One way to make empathy theater more accessible to those who may want to participate, but not share their experiences publicly, is by hosting workshops that individuals can participate in. As of December 2021, Theater of Witness offered free workshops for people in Northern Ireland to engage with their methodology. Additional research shows similar theater workshop initiatives have been undertaken with inmates in Northern Irish prisons as well as with university students. However, these workshops can only have so many participants. While they still give individuals the chance to become more empathetic towards one another, they do not necessarily create empathy and understanding for large groups.
This begs the question, how can empathy-creating theater have an effect, not just on the individual micro level, but on a macro level too?
Perhaps, in addition to making the theater empathy methodology accessible to many people, an alternative goal should be focusing on creating large audiences for this work in Northern Ireland. Research has shown that when audiences watch live theatrical performances, they become more empathetic towards the group and identities depicted in the performance. The study even revealed that audience members of a play become more supportive of its social issues/movements, and may even donate money to charities related to the content of the show after they watch it. Live theater is clearly more than entertainment. It can leave a real lasting influence on the lives of those in the audience.
Creating opportunities for people to watch theater productions, particularly empathy theater about The Troubles, maybe a more realistic way of using theater to bolster understanding and empathy among people in Northern Ireland.

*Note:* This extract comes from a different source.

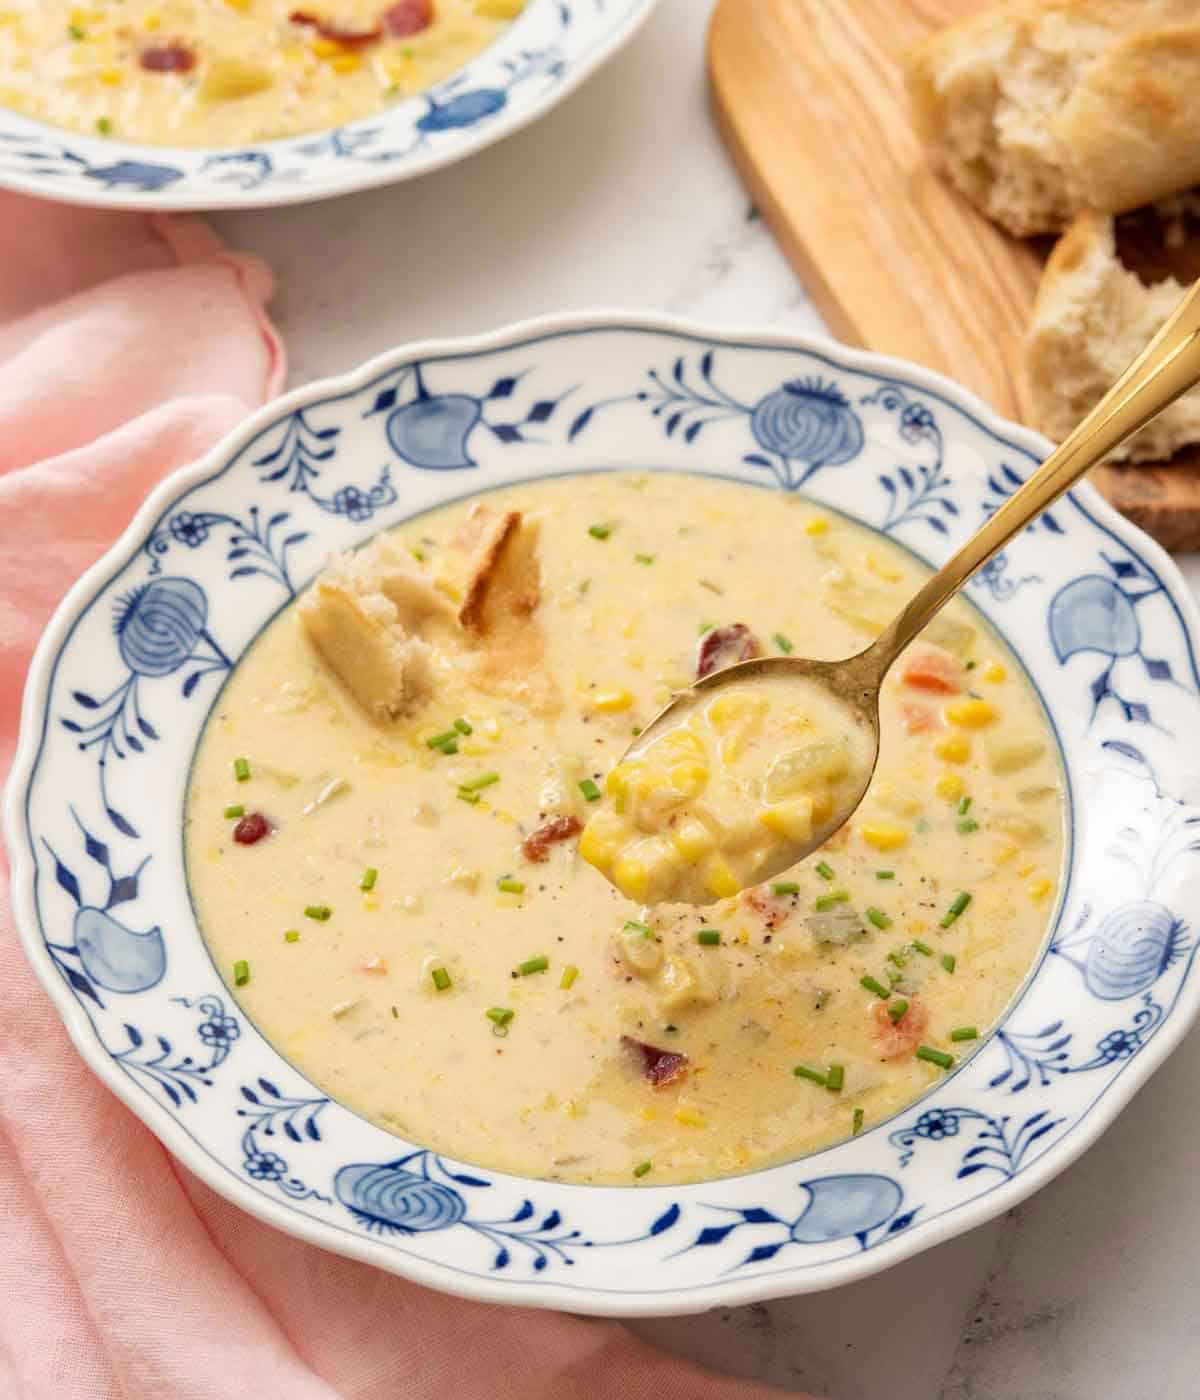 A bowl of corn chowder with a spoonful lifted up.

Listening to diverse stories, by participating in empathy theater or watching it, does have the ability to change people. One anonymous participant and audience member of Theater of Witness reflected, “I am so grateful for the generosity of all the speakers for making this their life’s mission. They are changing our wee corner of the world.” These stories give people a glimpse of their peers’ turmoil and grief, allowing opposing groups to humanize one another. Theater work truly is and can continue to be a powerful way of creating empathy amongst people in Northern Ireland, both now and in the future.